[[ Data block, beginning ]]

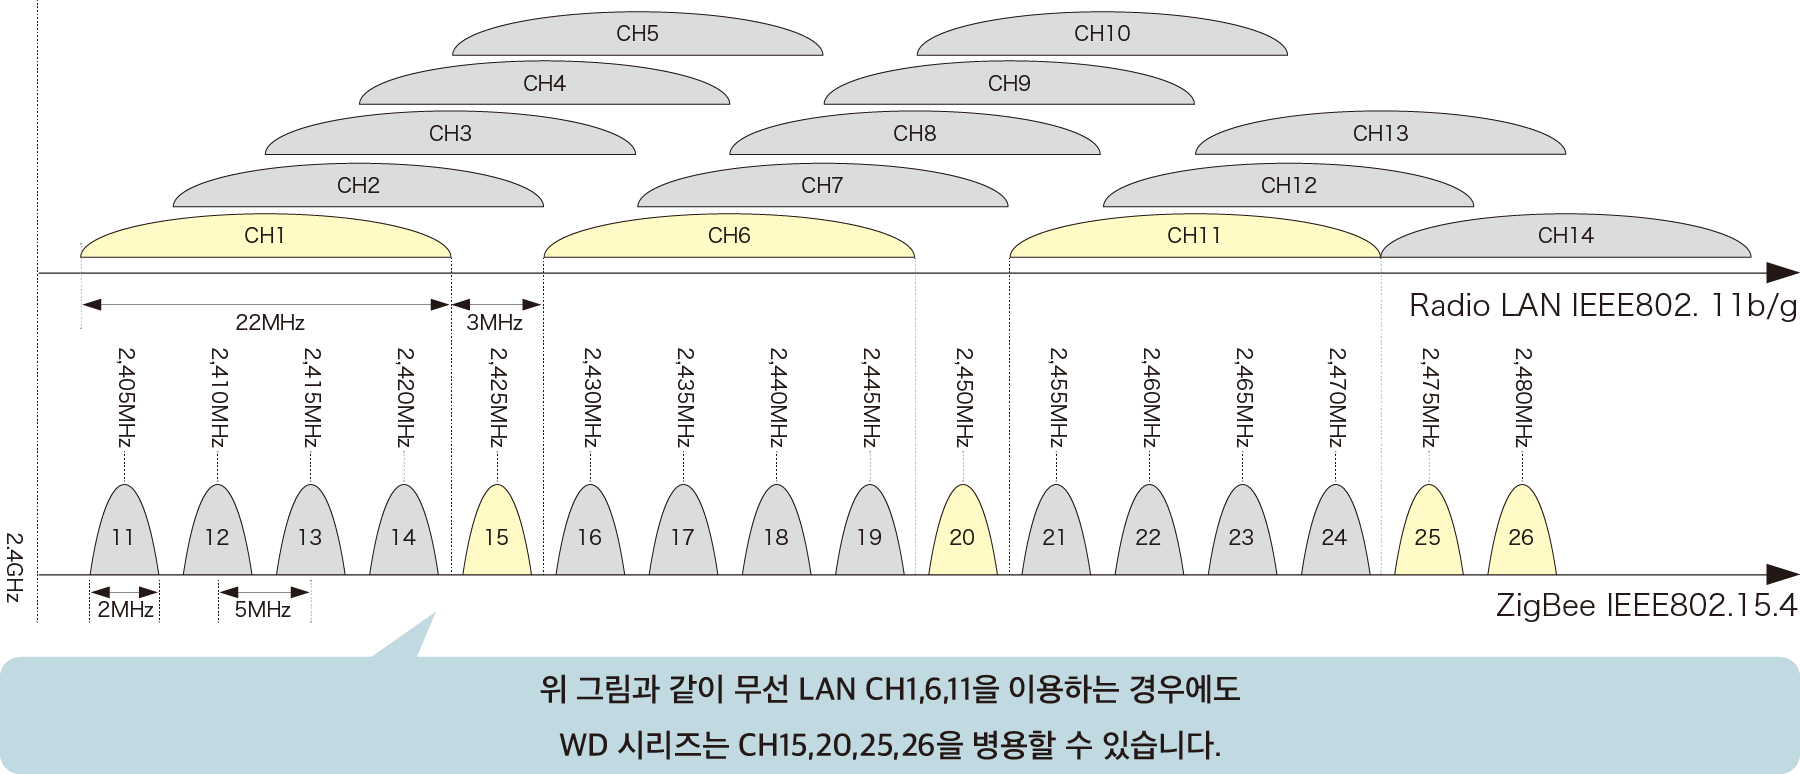 As shown in the figure above, when using the radio LAN CH1, 6 and 11, the WD-series is also available.
 CH15, 20, 25, and 26 can be used together.
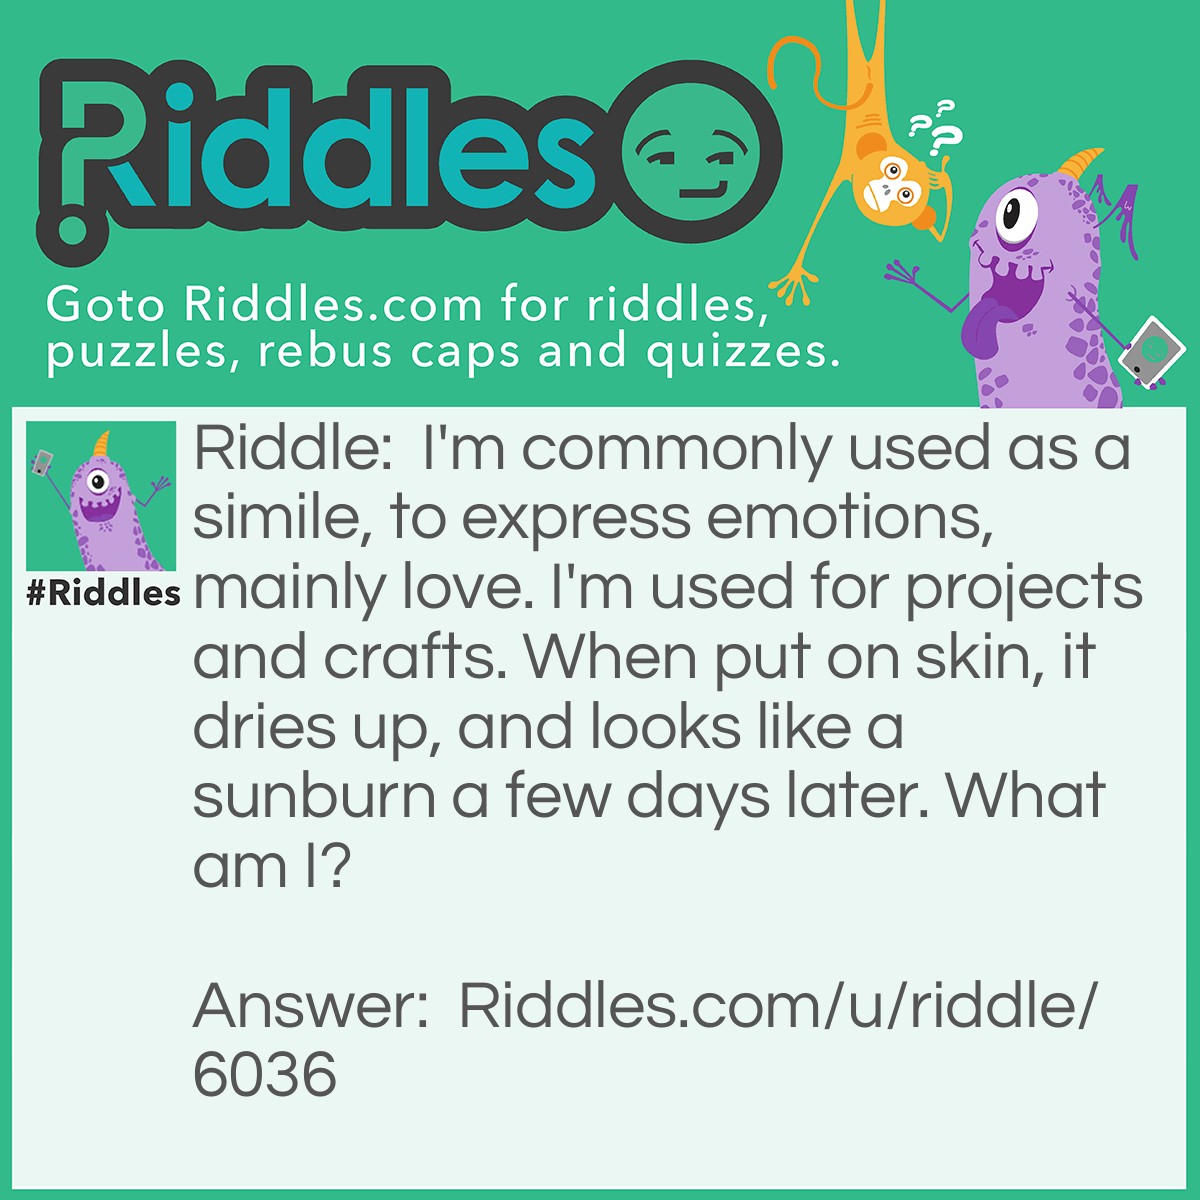 Riddle: I'm commonly used as a simile, to express emotions, mainly love. I'm used for projects and crafts. When put on skin, it dries up, and looks like a sunburn a few days later. What am I? Answer: Glue!

[[ Data block, end ]]

What is required >> Exactly as given, set down each line of the material, but include no pictures.

Response to the task >>
 As shown in the figure above, when using the radio LAN CH1, 6 and 11, the WD-series is also available.
 CH15, 20, 25, and 26 can be used together.
 Riddle: I'm commonly used as a simile, to express emotions, mainly love. I'm used for projects and crafts. When put on skin, it dries up, and looks like a sunburn a few days later. What am I? Answer: Glue!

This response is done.